In fact, a recent article on The Conversation by advocate and lecturer at the University of Nairobi, Ken Obura, said that “Given the importance that the cyberspace network plays in the life of modern African society, the imperative of securing this domain cannot be gainsaid.
“The International Telecommunications Union estimates that one in five Africans is now connected to cyberspace,” Obura wrote. “An overview by the United Nations also reveals that the supply of essential services in many African countries now relies on the cyberspace network.

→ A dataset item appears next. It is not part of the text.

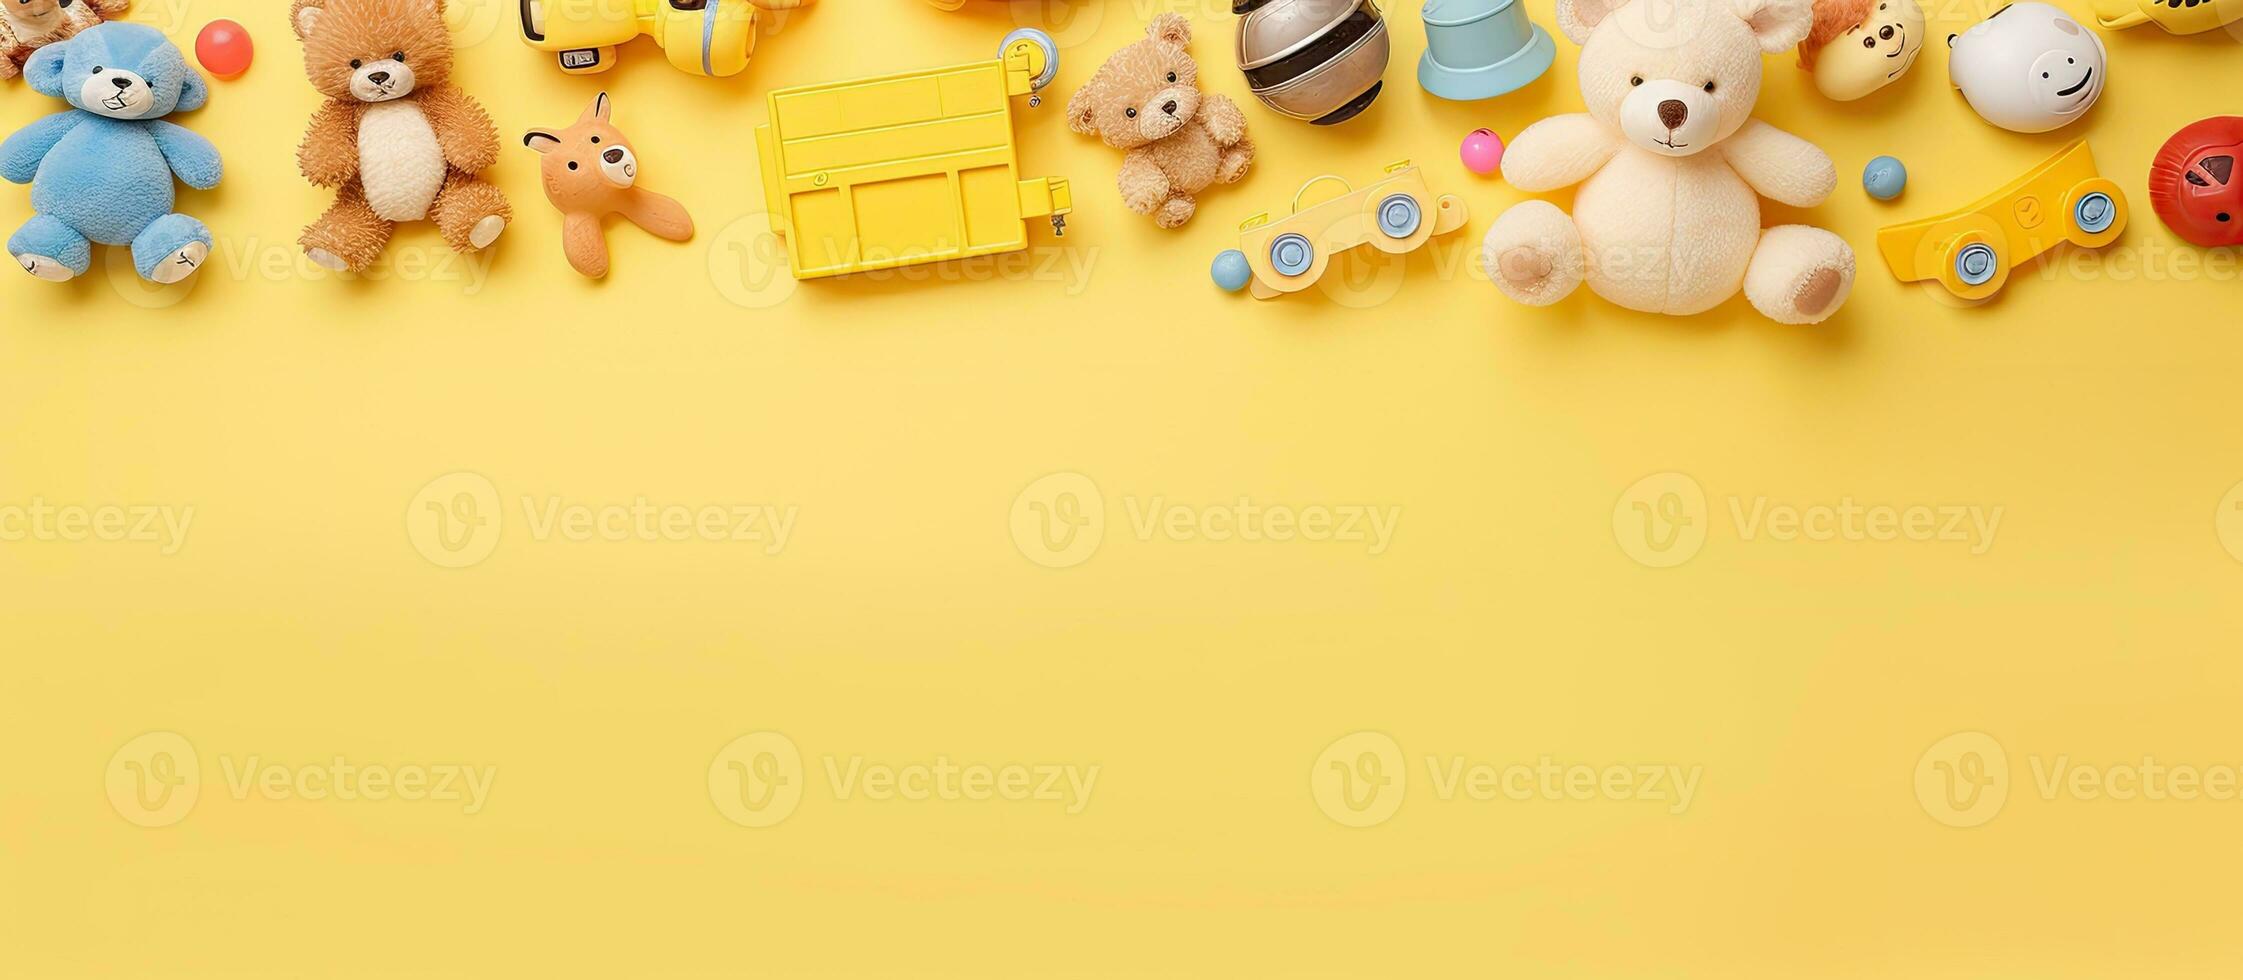 samling av bebis och barn leksaker placerad på en pastell gul bakgrund. de fotografera är tagen foto

However, a survey of 21 African countries conducted by UN Economic Commission for Africa found that while many countries had proposed legislation, the level of deployment of security systems to combat cyber crime was low.”
Lazarus recommends that government and business should take a few important initial steps:
– Create a first response or business reaction plan.
– Write a business continuity plan
– In fact, if you engage in the most basic training around cyber awareness, you can mitigate some of the risk.
– Handle communications effectively around the cyber attack
But private citizens should also look at their personal cyber security. After all, it was a cryptoworm that targeted computers running Microsoft Windows operating system that launched the biggest ransomware attack to date. As Lazarus says, “It’s imperative for any organisation to do a proper health check – just like you would do with your GP. This will reveal where you may be exposed, and how bad the damage could be”.